Work request —
Begin the copy at the line containing "Vente d'un appartement" and end it at the final line of the material below, reproducing each line exactly, without images.

Data below —

--------------------------------------------------

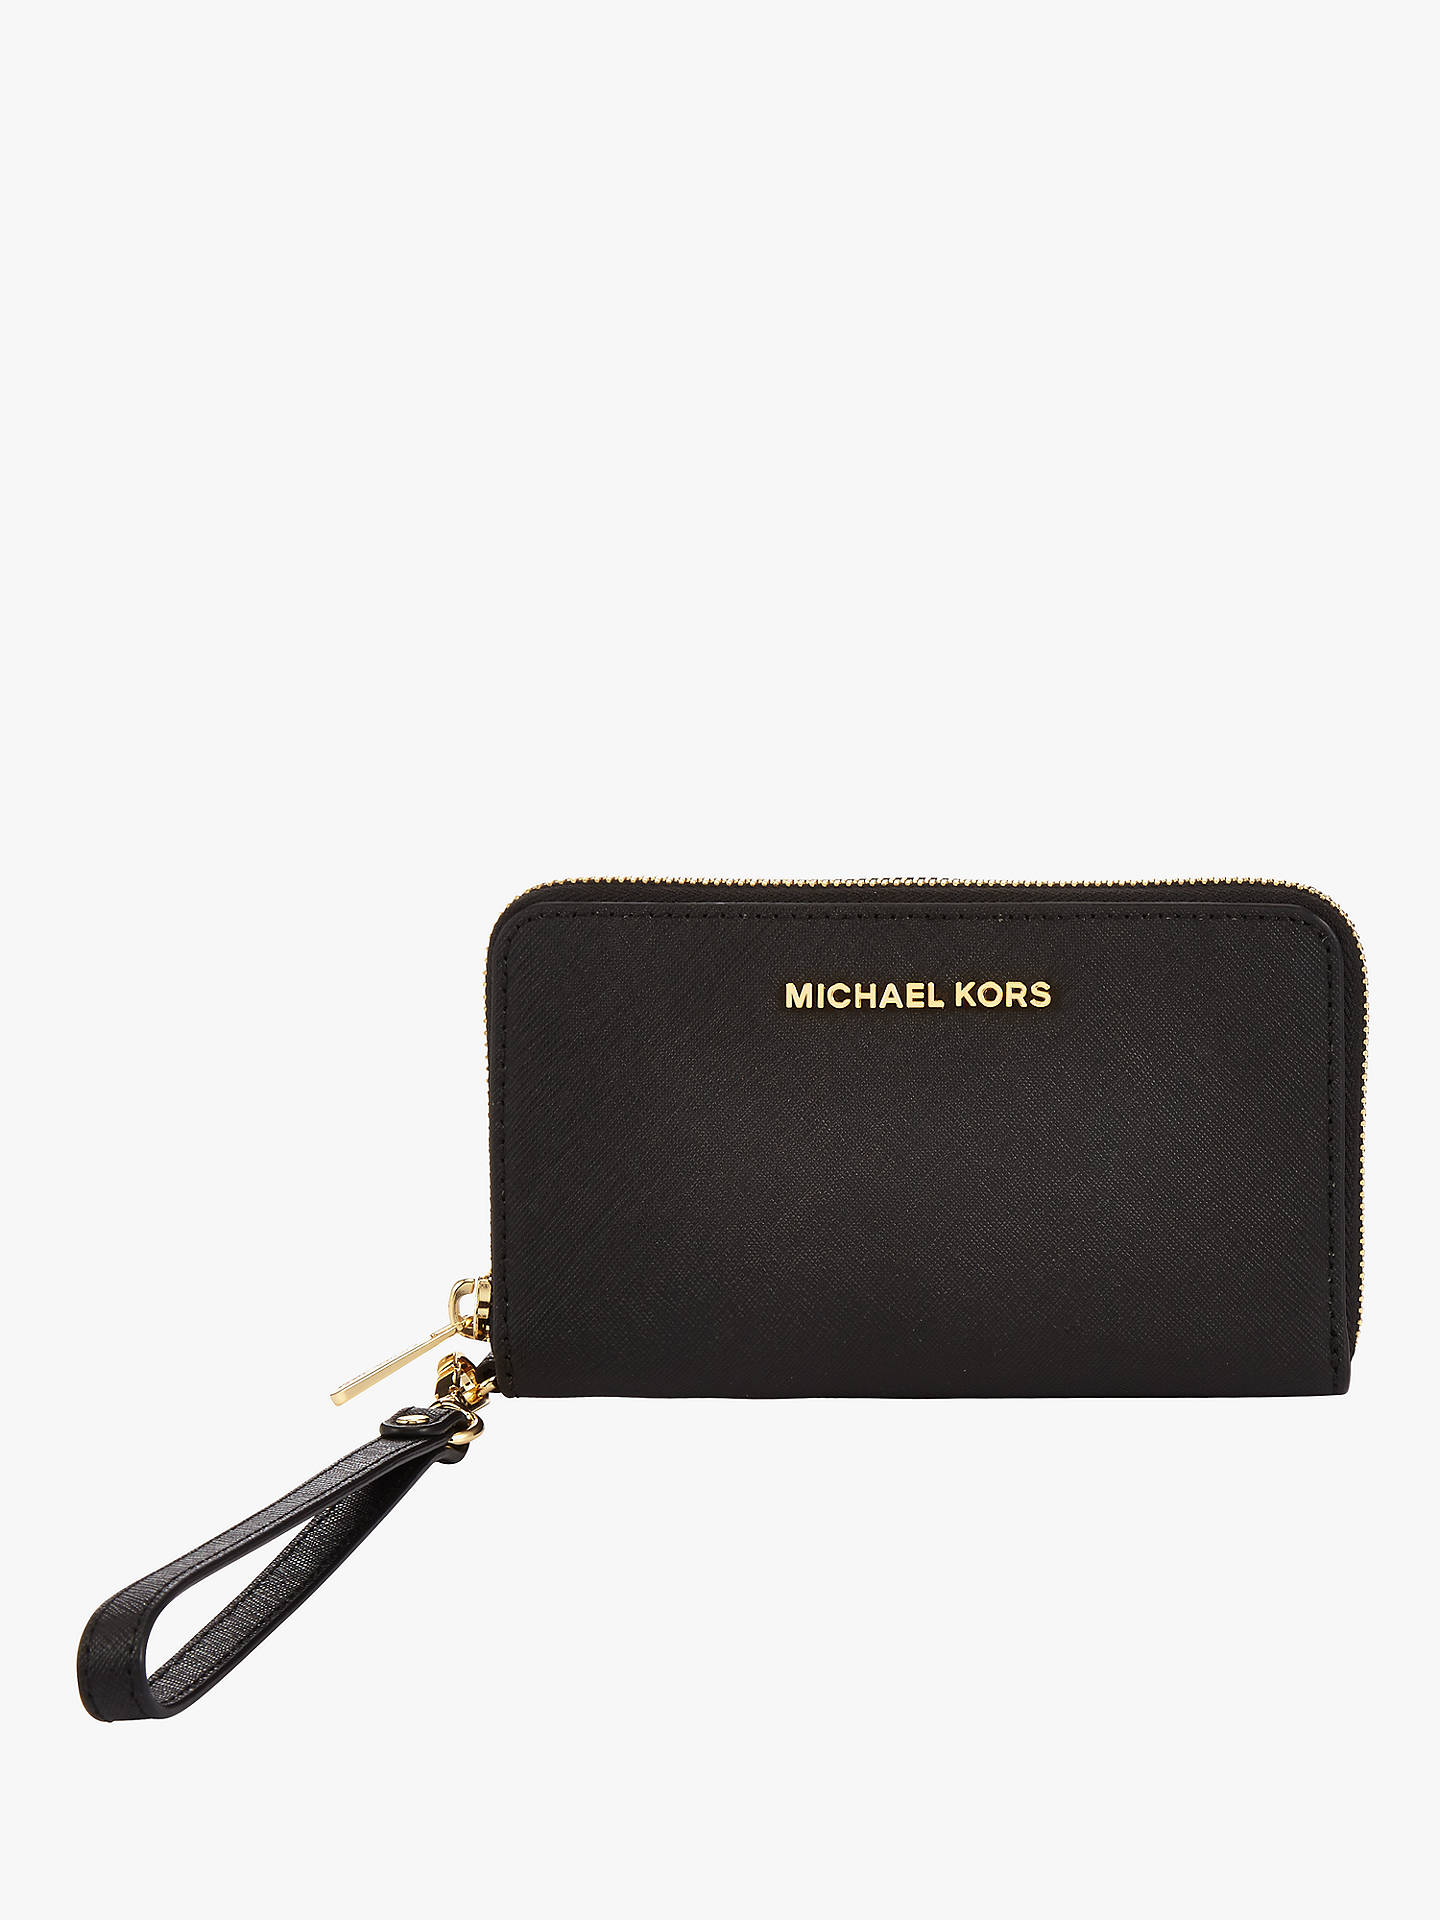 08f786986026 Buy MICHAEL Michael Kors Jet Set Leather Travel iPhone 6 Case Purse, Black  Online at ...
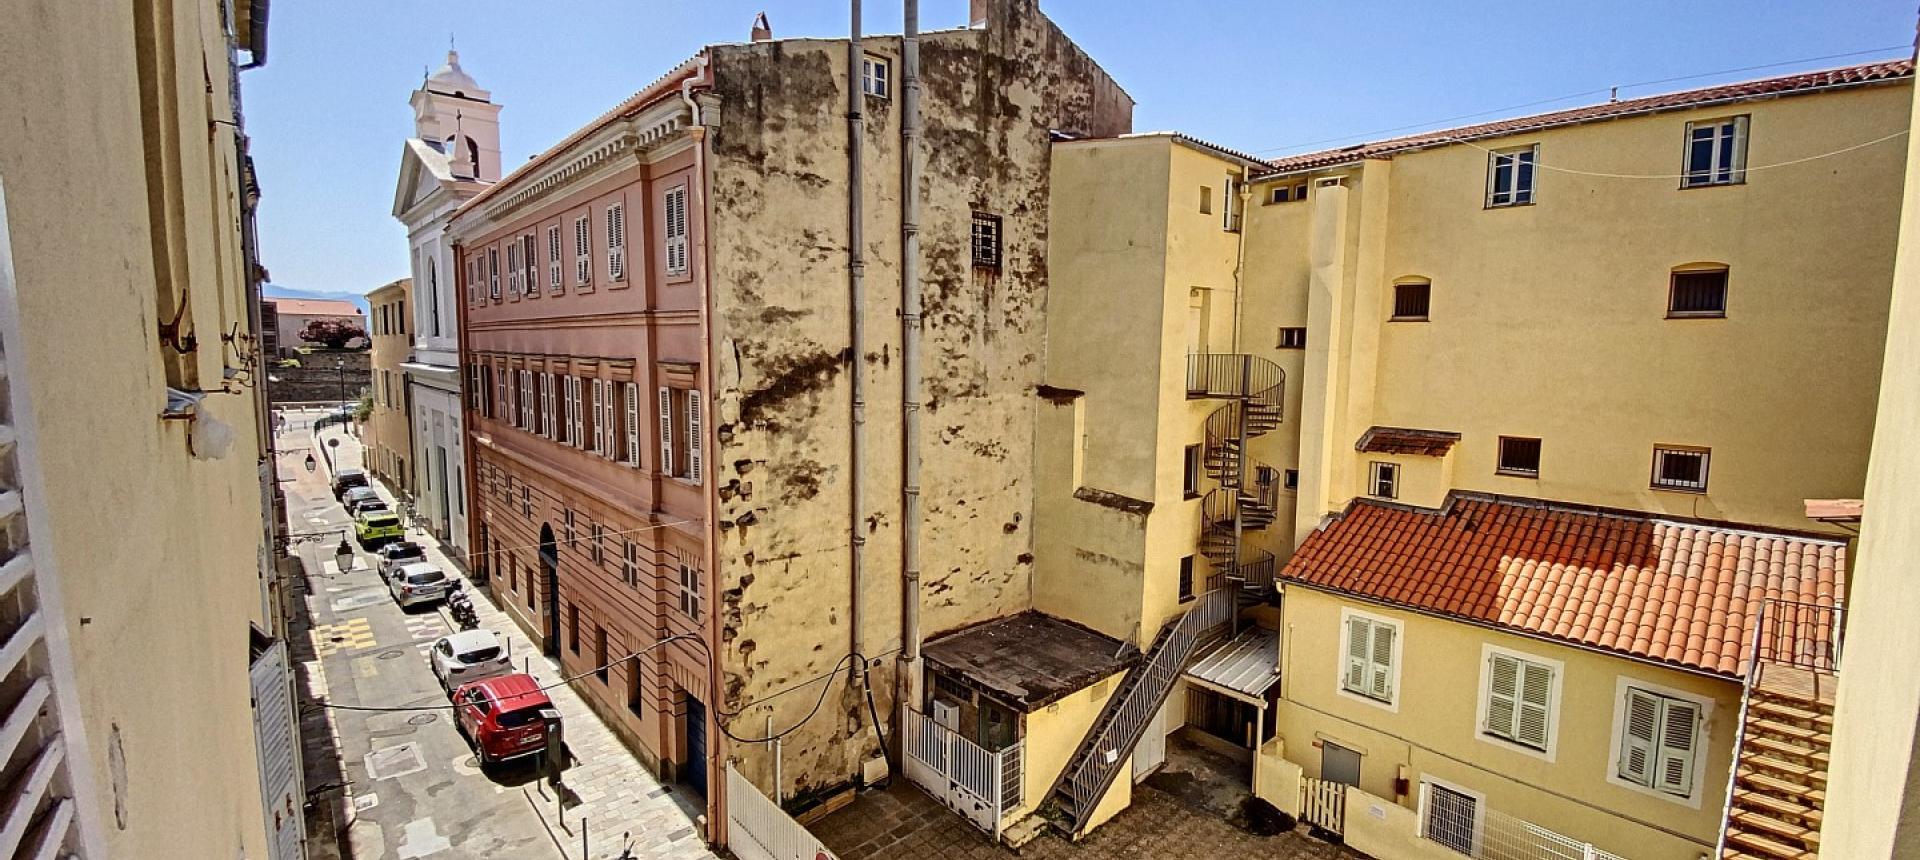 Vente d'un appartement F2 rénové-Centre historique Ajaccio - RUE FORCIOLI CONTI
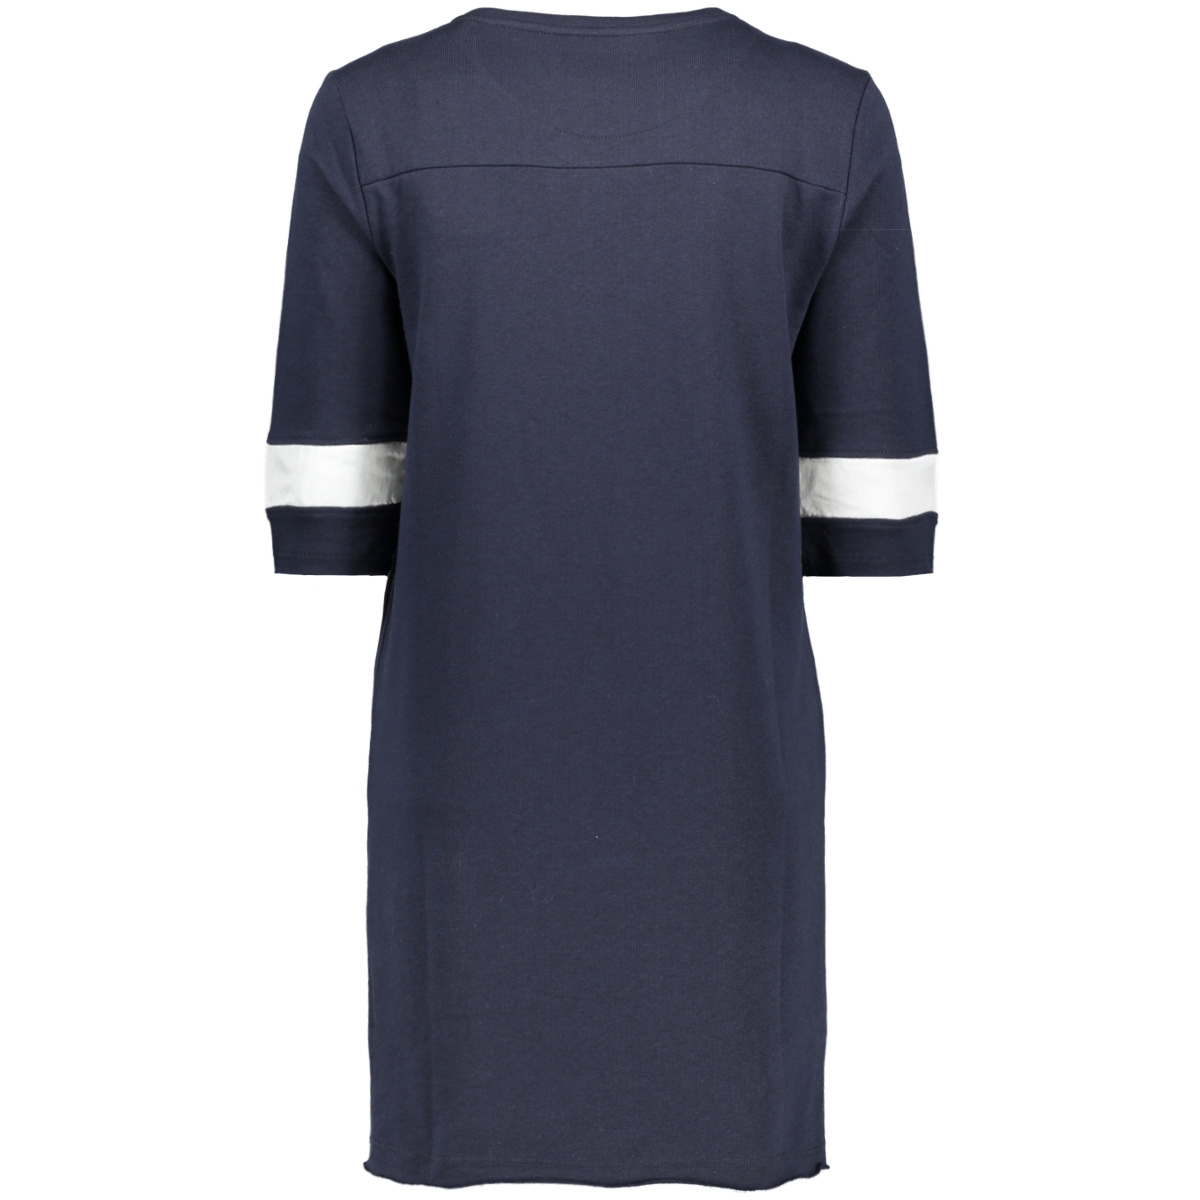 onlline 2/4 dress swt 15142078 only jurk sky captain/cloud dancer
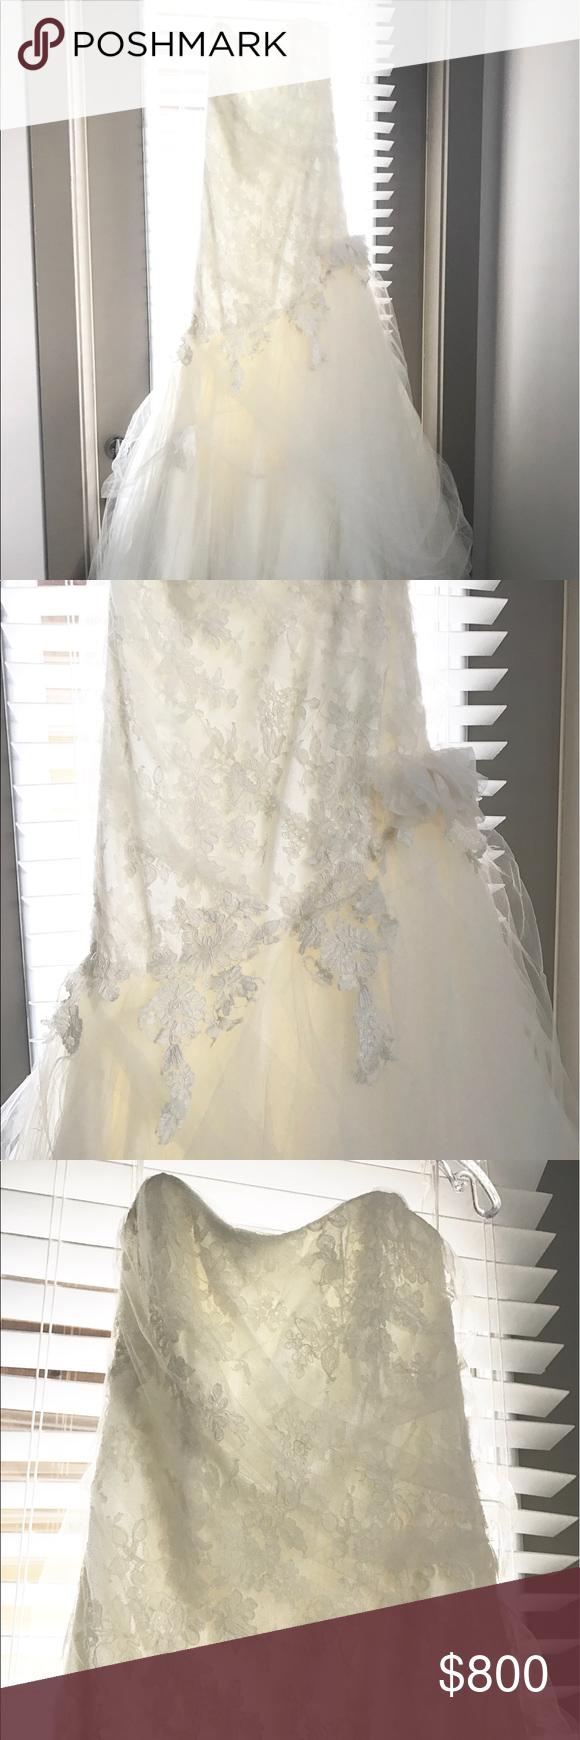 Marisa wedding dress  Marisa Lace Tulle Mermaid Wedding Gown Size   Size  Mermaid

--------------------------------------------------

Written response —
 Vente d'un appartement F2 rénové-Centre historique Ajaccio - RUE FORCIOLI CONTI
 onlline 2/4 dress swt 15142078 only jurk sky captain/cloud dancer
 Marisa wedding dress  Marisa Lace Tulle Mermaid Wedding Gown Size   Size  Mermaid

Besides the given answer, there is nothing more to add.